The value of such policies is underscored by a recent California court decision. In TBG Insurance Services Corporation v. The Superior Court of Los Angeles County, 96 Cal. App. 4th 443 (2002), the employer provided two computers for an employee's use, one for use at the office and one for use at the employee's home. The employee signed the employer's electronic and telephone equipment policy statement and agreed in writing that his computers could be monitored by his employer. The employee was terminated after monitoring of his home computer revealed that he had visited pornographic web sites. The employee subsequently sued his employer for wrongful termination.
In the discovery phase of the litigation, the employee refused to produce the home computer, on the ground that he had a right to privacy in his use of the home computer under the California Constitution. The court rejected this argument on the ground that the advance notice to the employee of the company's intention to monitor his use of the home computer eliminated any privacy expectations that may have existed. Moreover, the employee's use of the home computer after receiving notice of possible monitoring by the employer amounted to implied consent to the company's monitoring.
Code of Conduct
An e-mail policy should also specify the type of conduct that is prohibited. Among other things, the policy should prohibit:
- Threatening, intimidating, or harassing other employees.
- Using obscene, profane, or abusive language.
- Creating, displaying, or transmitting offensive or derogatory images (including screen savers) that in any way violate the company policy prohibiting employment discrimination and/or harassment.
- Sending confidential materials outside the company or to unauthorized personnel.
Training, Awareness, and Enforcement
Once the policy is implemented, training sessions are recommended to raise employees' awareness of the rules and to educate them on the risks of inappropriate use.

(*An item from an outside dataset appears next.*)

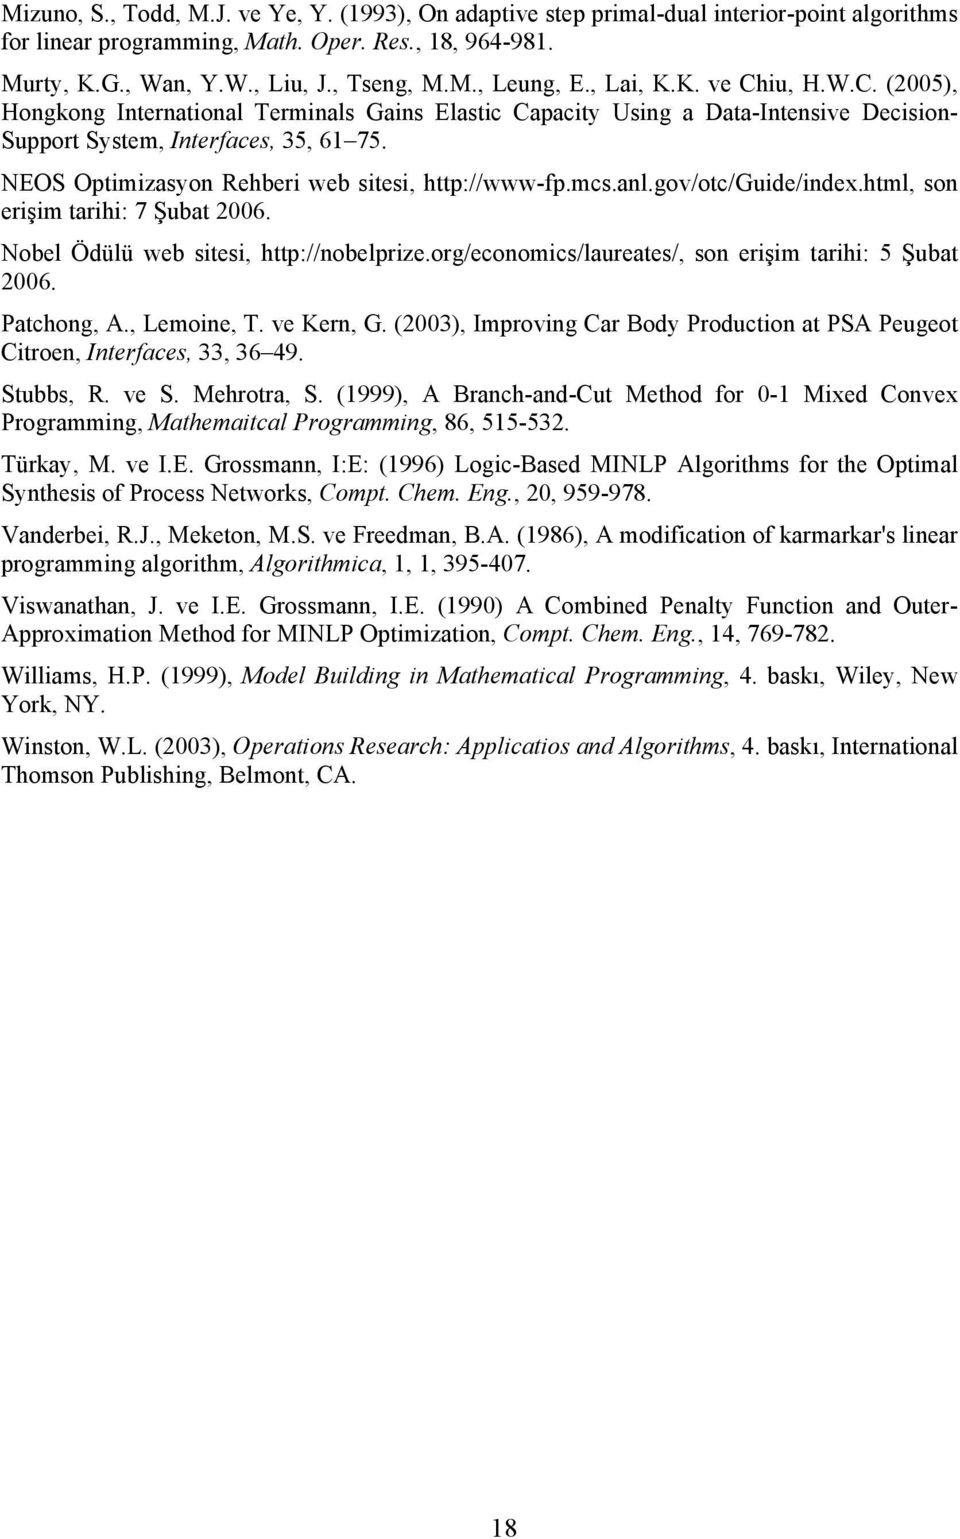 NEOS Optimizasyon Rehberi web sitesi, http://www-fp.mcs.anl.gov/otc/guide/index.html, son erişim tarihi: 7 Şubat 2006. Nobel Ödülü web sitesi, http://nobelprize.

Too many employees are simply unaware that a seemingly harmless joke sent by e-mail could lead to legal proceedings against the company, or in some cases, the individual. As a means of reinforcing the policy principles, particularly after an incident of misuse, the company should send periodic reminders to all employees regarding appropriate usage.
Finally, for any policy to be effective, employees must know it has teeth. The policy should make it clear that breaches will lead to discipline, up to and including termination. The policy should be strictly enforced, and policy violations should be dealt with on a consistent basis.
There is no doubt that computer use and communication in the workplace, while providing great benefits, also poses dangers of liability for employers. Having a clear, enforceable policy is a significant step to limiting that liability.